┌─ Recorded information

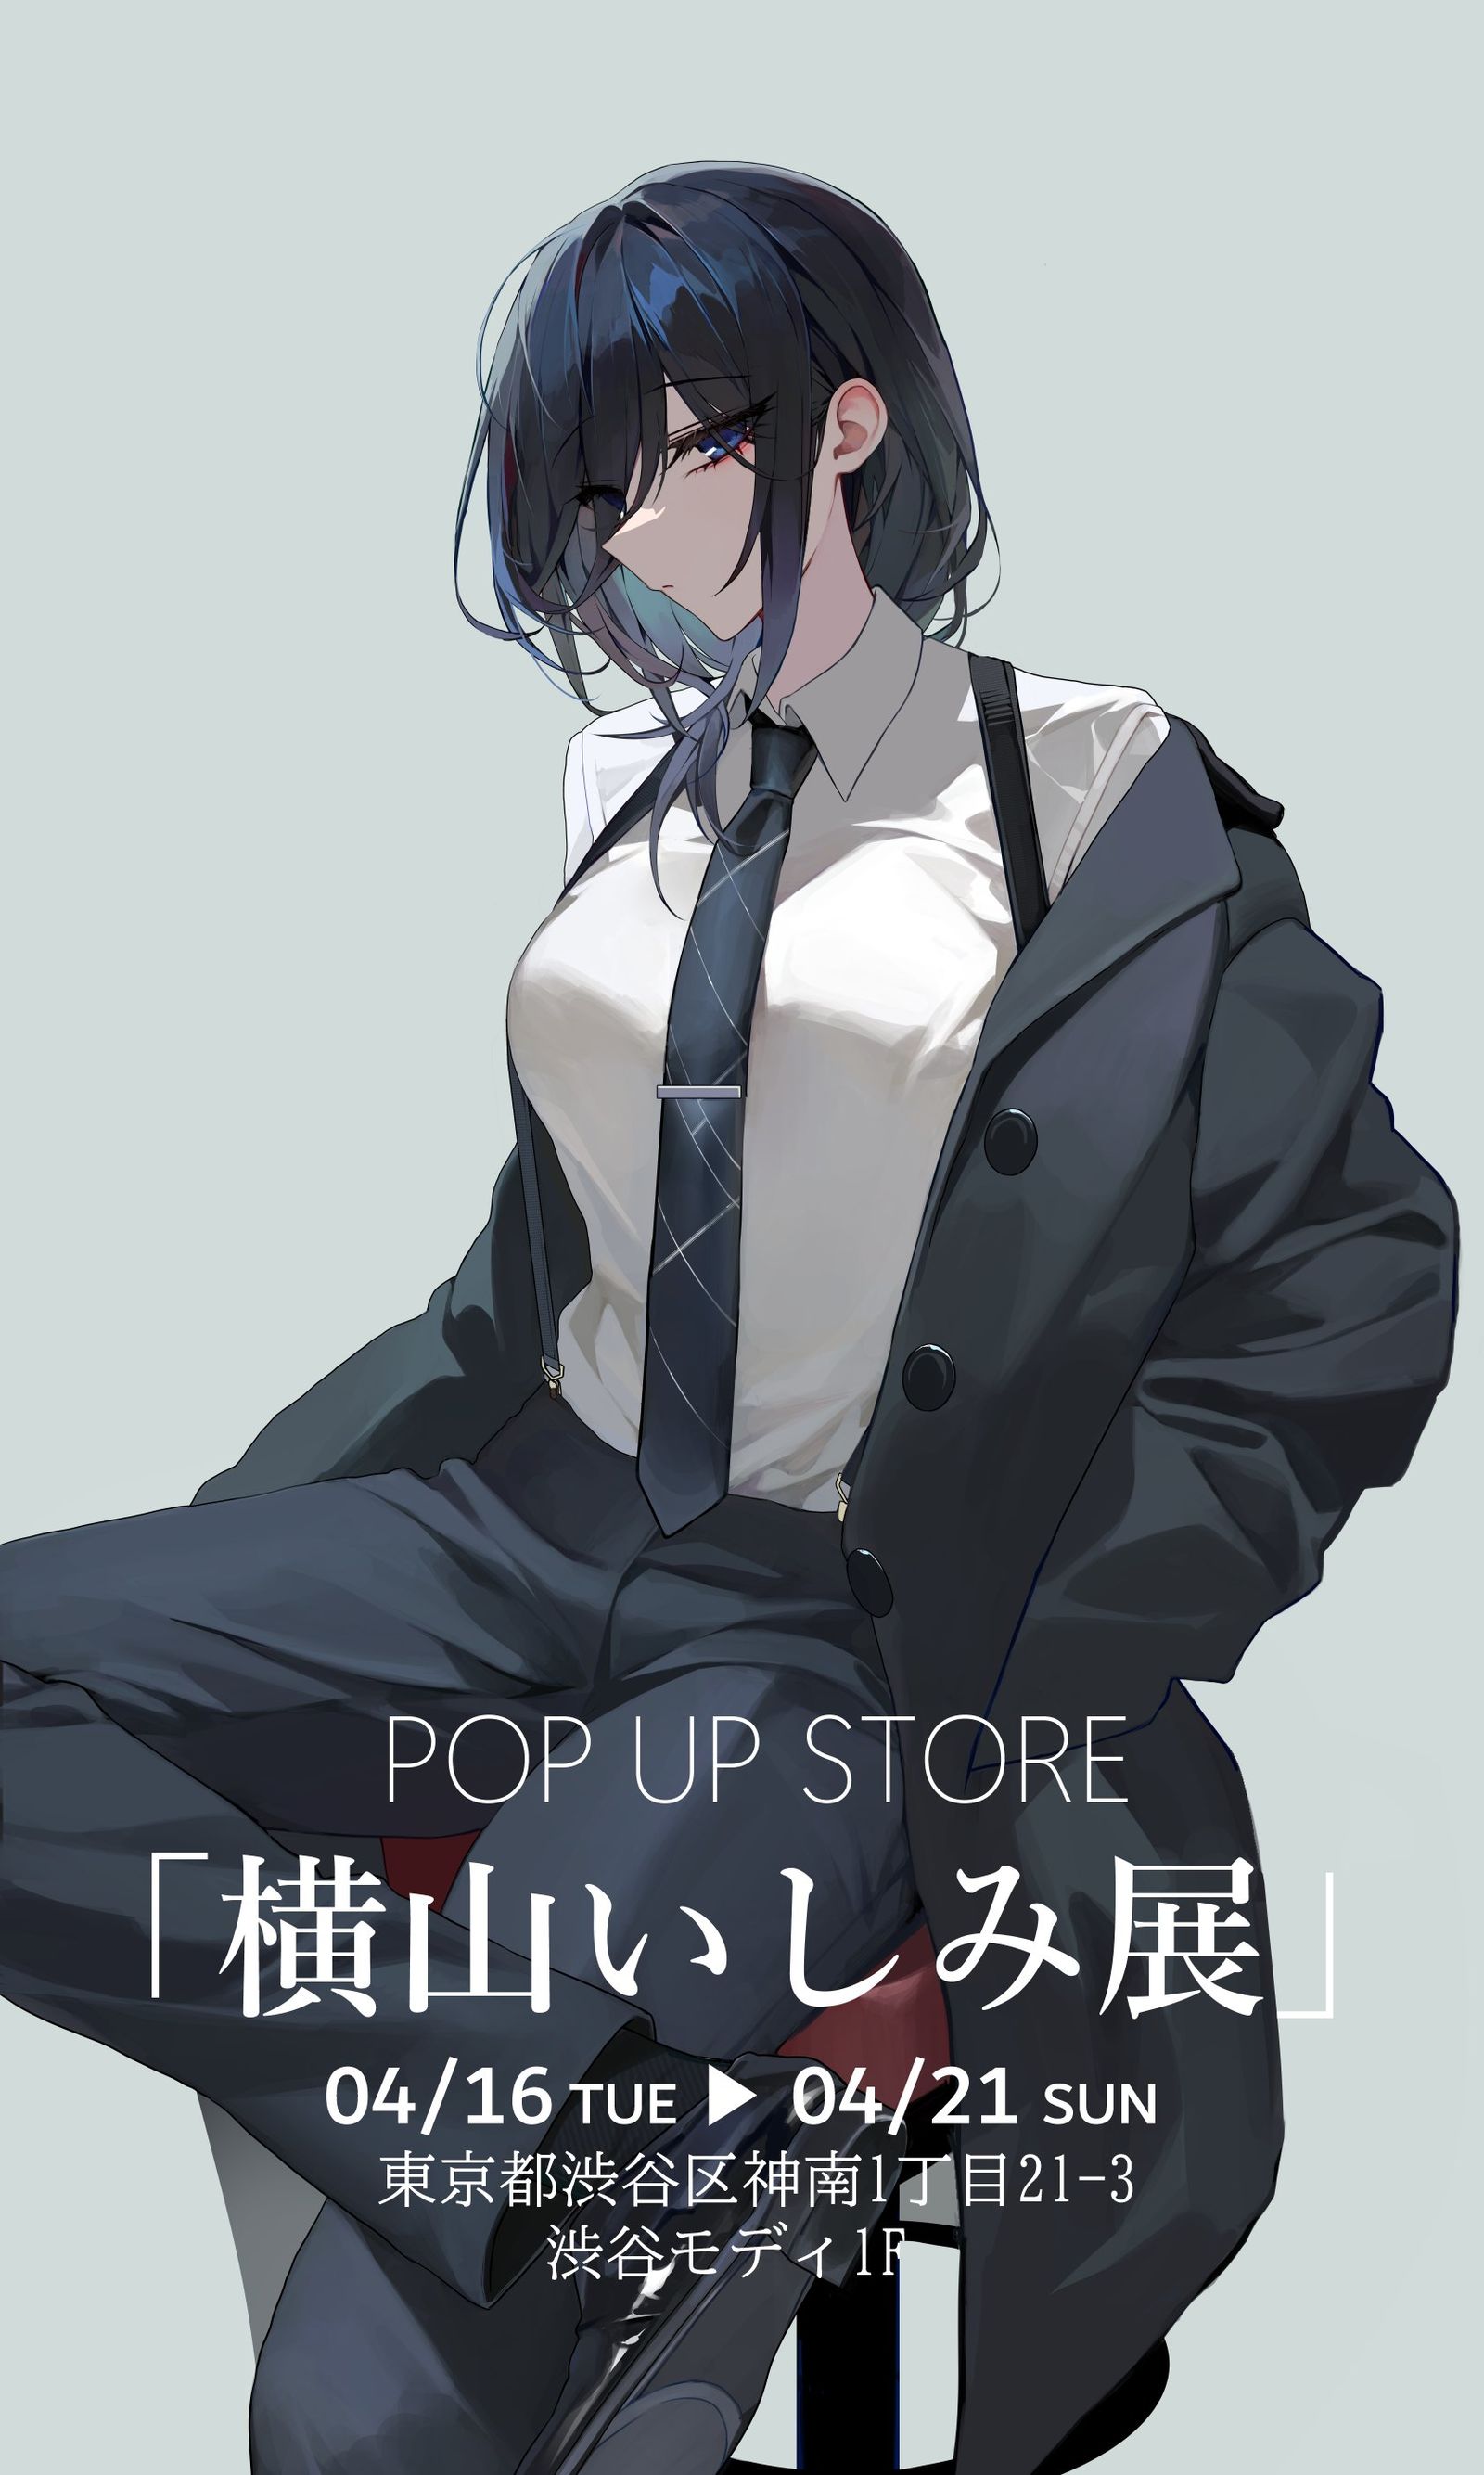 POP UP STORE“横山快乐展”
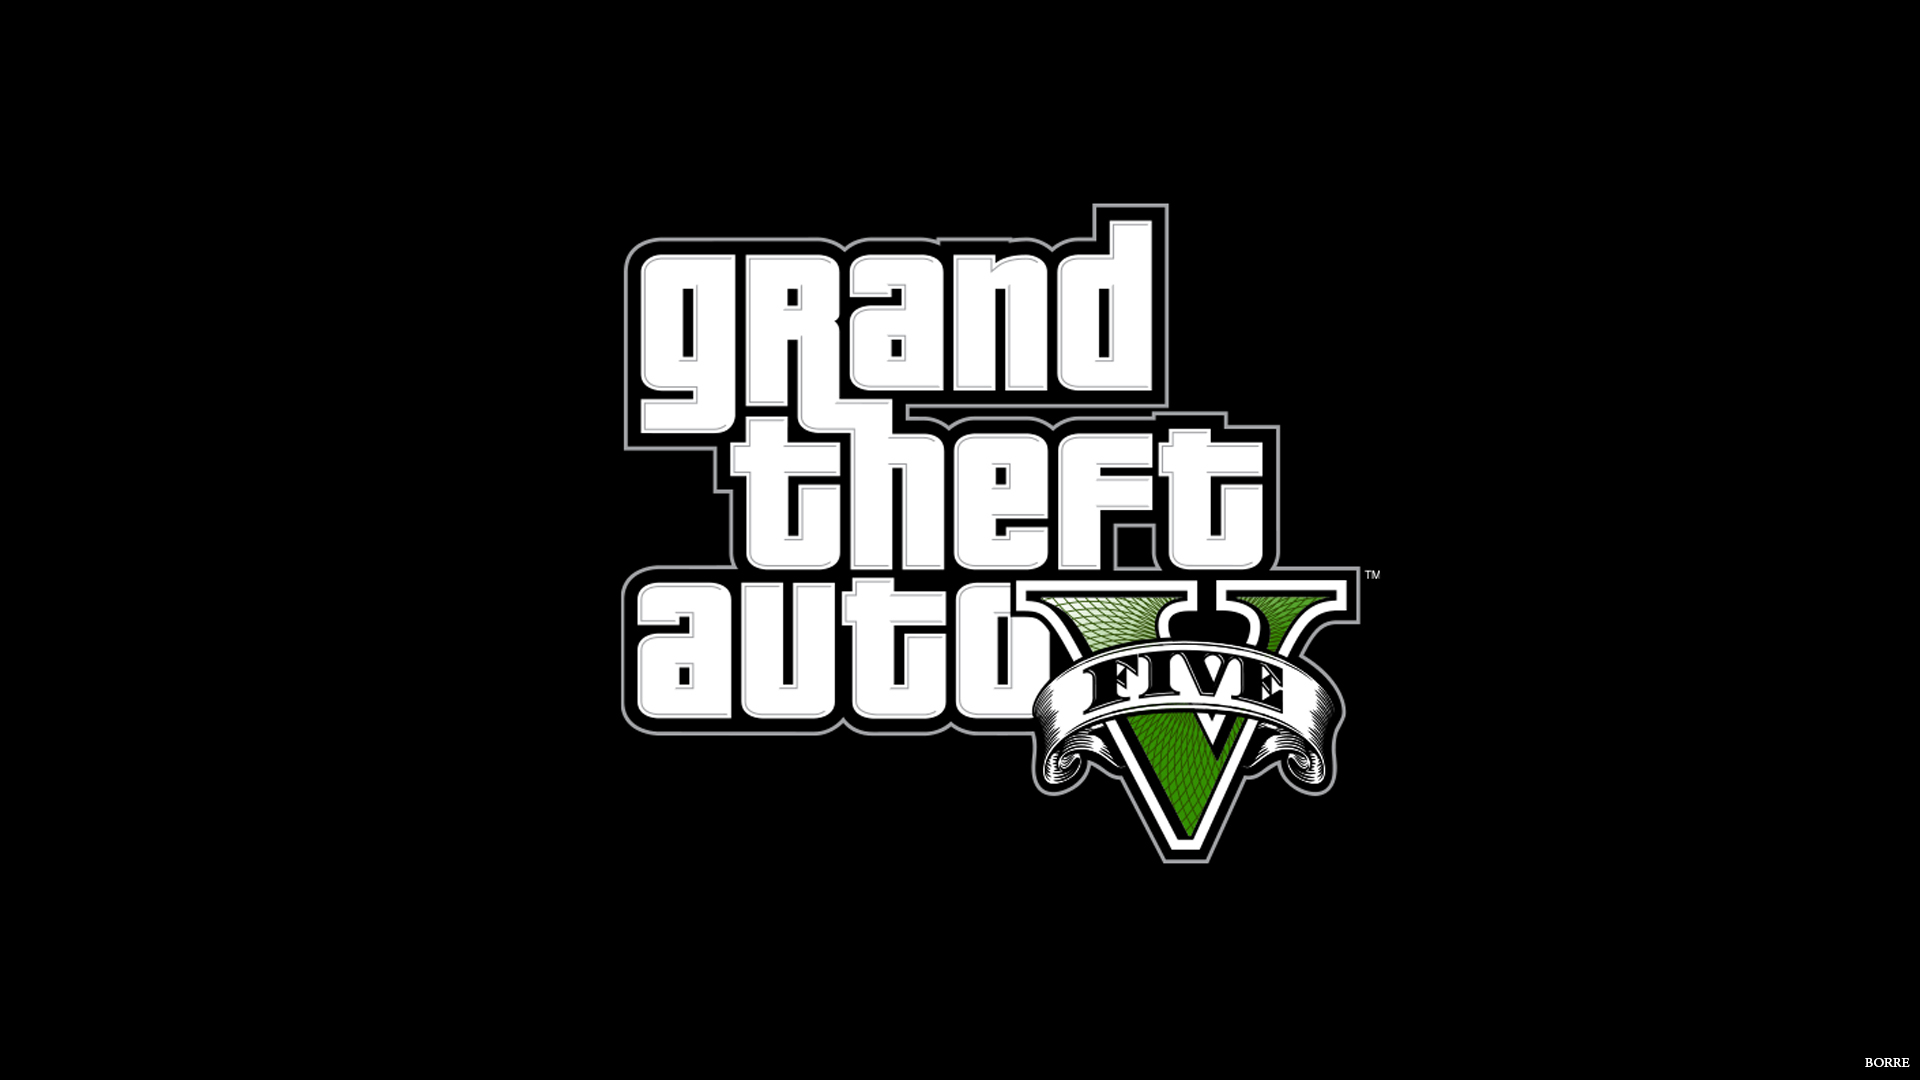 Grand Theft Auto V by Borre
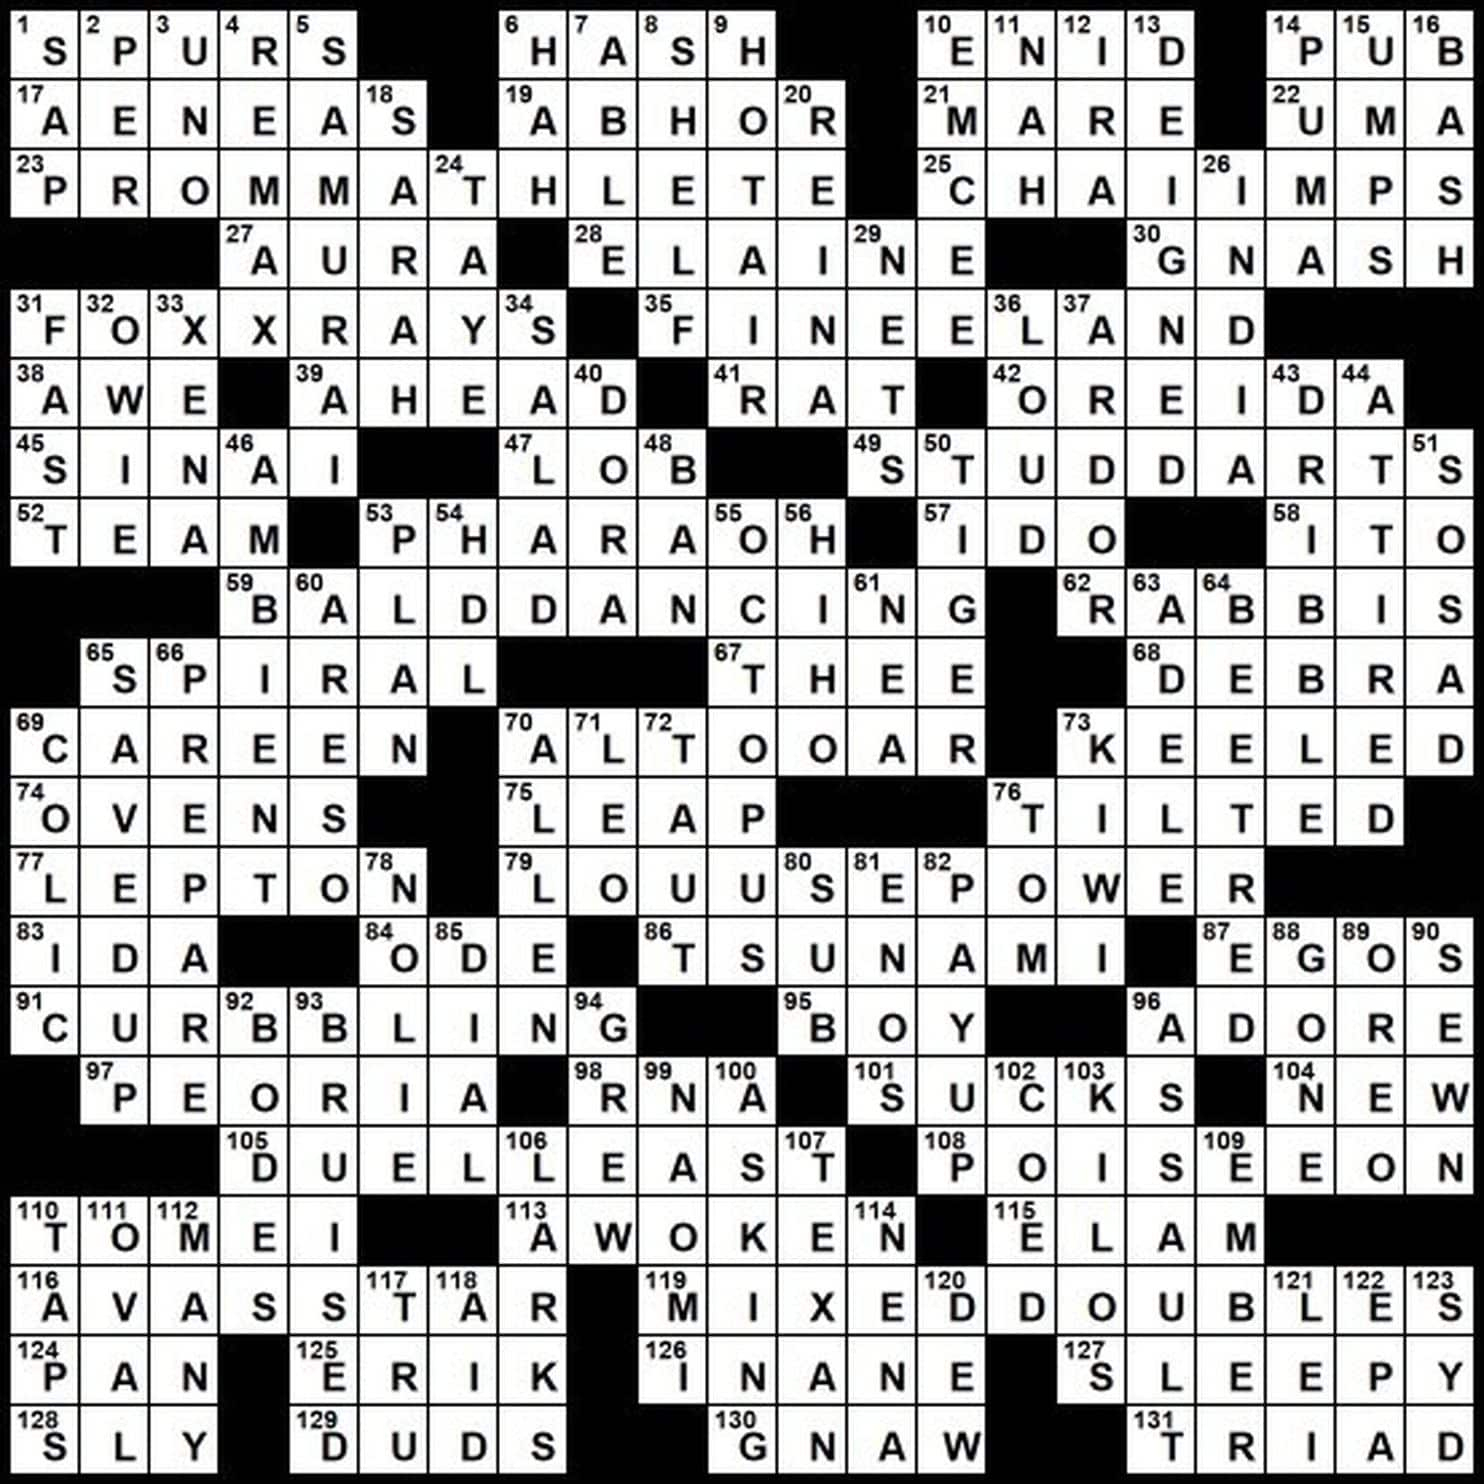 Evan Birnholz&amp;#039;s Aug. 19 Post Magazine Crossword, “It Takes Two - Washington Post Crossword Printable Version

└─

Return all the data exactly, and keep the pictures out.

Solved exercise:
 POP UP STORE“横山快乐展”
 Grand Theft Auto V by Borre
 Evan Birnholz&amp;#039;s Aug. 19 Post Magazine Crossword, “It Takes Two - Washington Post Crossword Printable Version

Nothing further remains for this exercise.